Loves "Friendly Girls"
(She/Her)
The first volume of the LN is basically her telling other peoples' stories. The ones where she becomes a participant are ones where the local people involved drag her into it. For example, the one with the girl looking to pass her test forces Elaina into her story through thievery. There's a couple of ones like this through the LN, but mostly it's about her just recording stories from around the world.

I feel like the LN sets itself up as an anthology series a lot cleaner. I still gotta read the second volume and see if that's what it plans (and also to see if the lesbian comes back; the first volume basically bookends with her, with the first story in the book being the one about Elaina teaching her, and the last story in the book having that scene from the end of the episode where Elaina is reading a newspaper and sees that the girl has passed the test).
 

Tegan

dirtbag lesbian
(She/Her)
I watched They Were 11, a 1986 anime film based on a Moto Hagio manga. It's a sci-fi drama about a group of eleven strangers tasked with a test to get into a prestigious academy: survive aboard a derelict spacecraft for 53 days. Upon arrival, they discover that a saboteur has infiltrated their original group of ten. Everyone aboard becomes more and more paranoid as problems pile up and the strangers begin to reveal their secrets.

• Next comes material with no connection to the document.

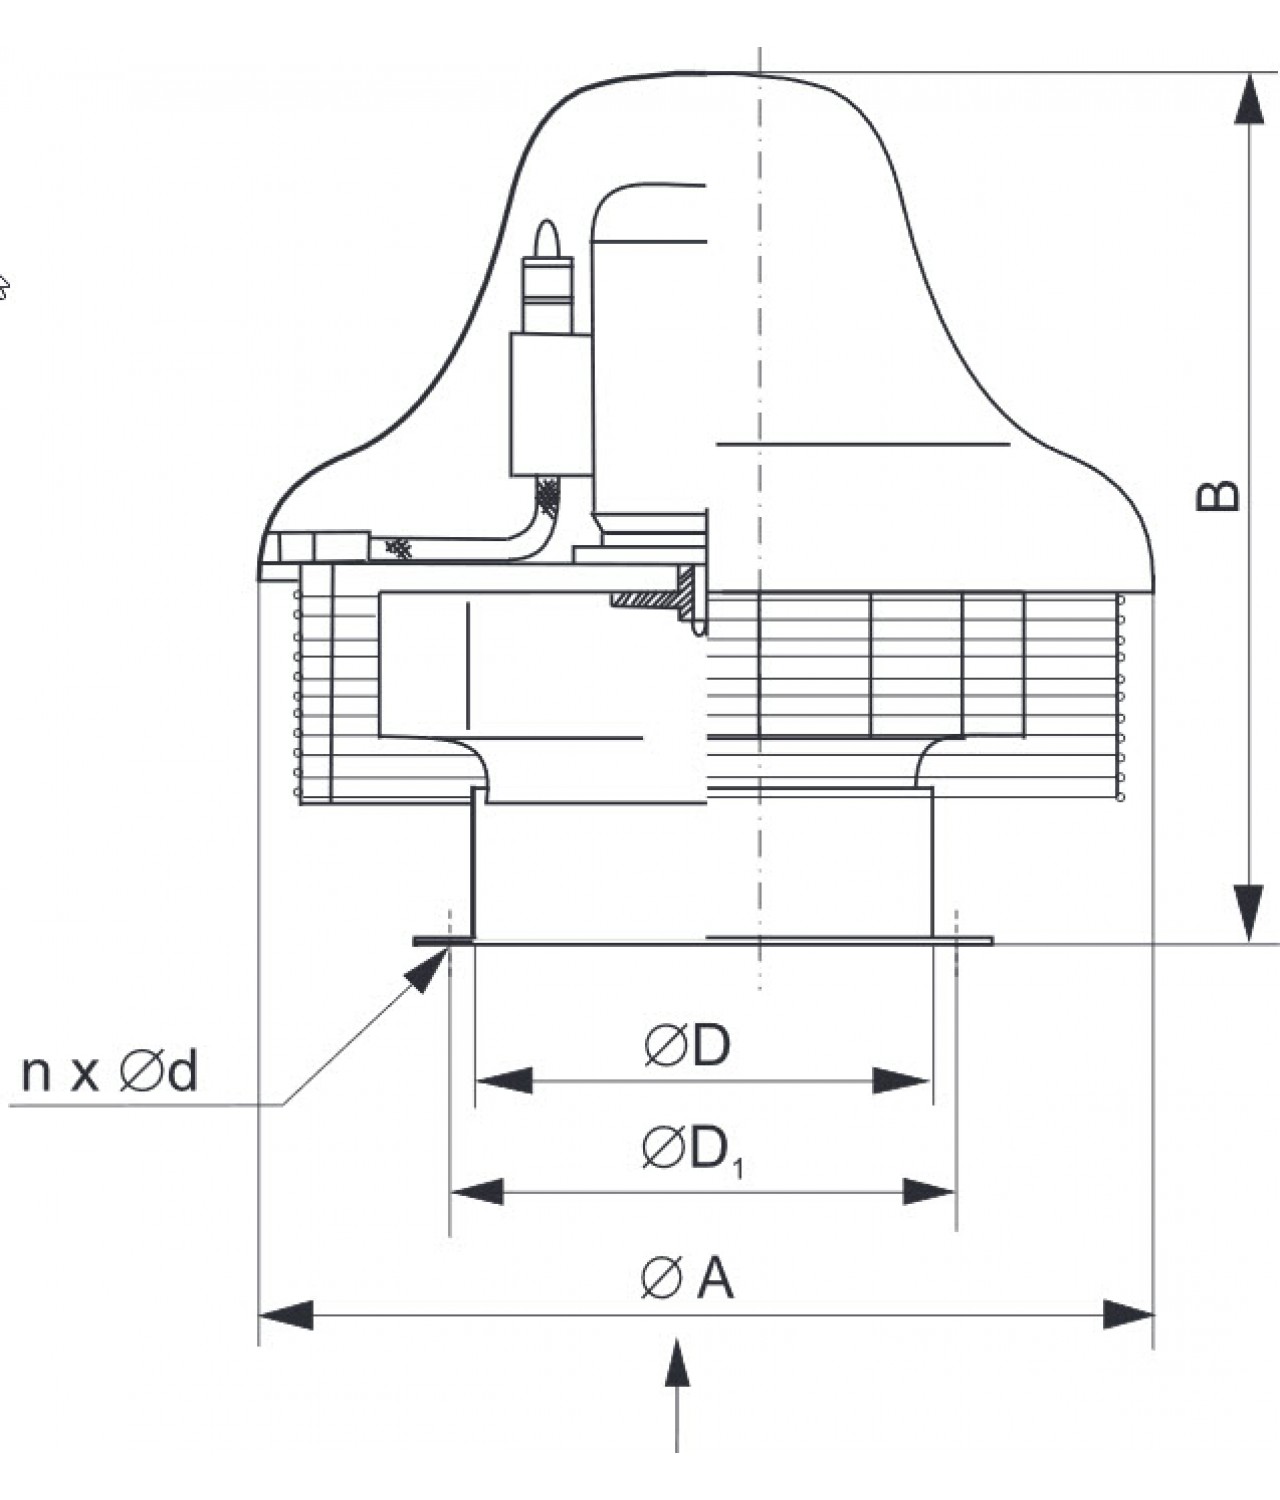 Explosion proof roof fans SVWDB EX ≤7000 m³/h - drawing

The moments where it dips its toes into hard sci-fi are really neat; one crew member casually tosses out that his planet is on a 48-year orbit of their sun, so pretty much everybody lives through just a single cycle of the seasons. The ship also uses organic electrical wiring thanks to a creeper plant whose composition is mostly copper. There's some good spooky ambience since it's not initially clear what this ship is or why it's abandoned, and there are items onboard that nobody quite understands.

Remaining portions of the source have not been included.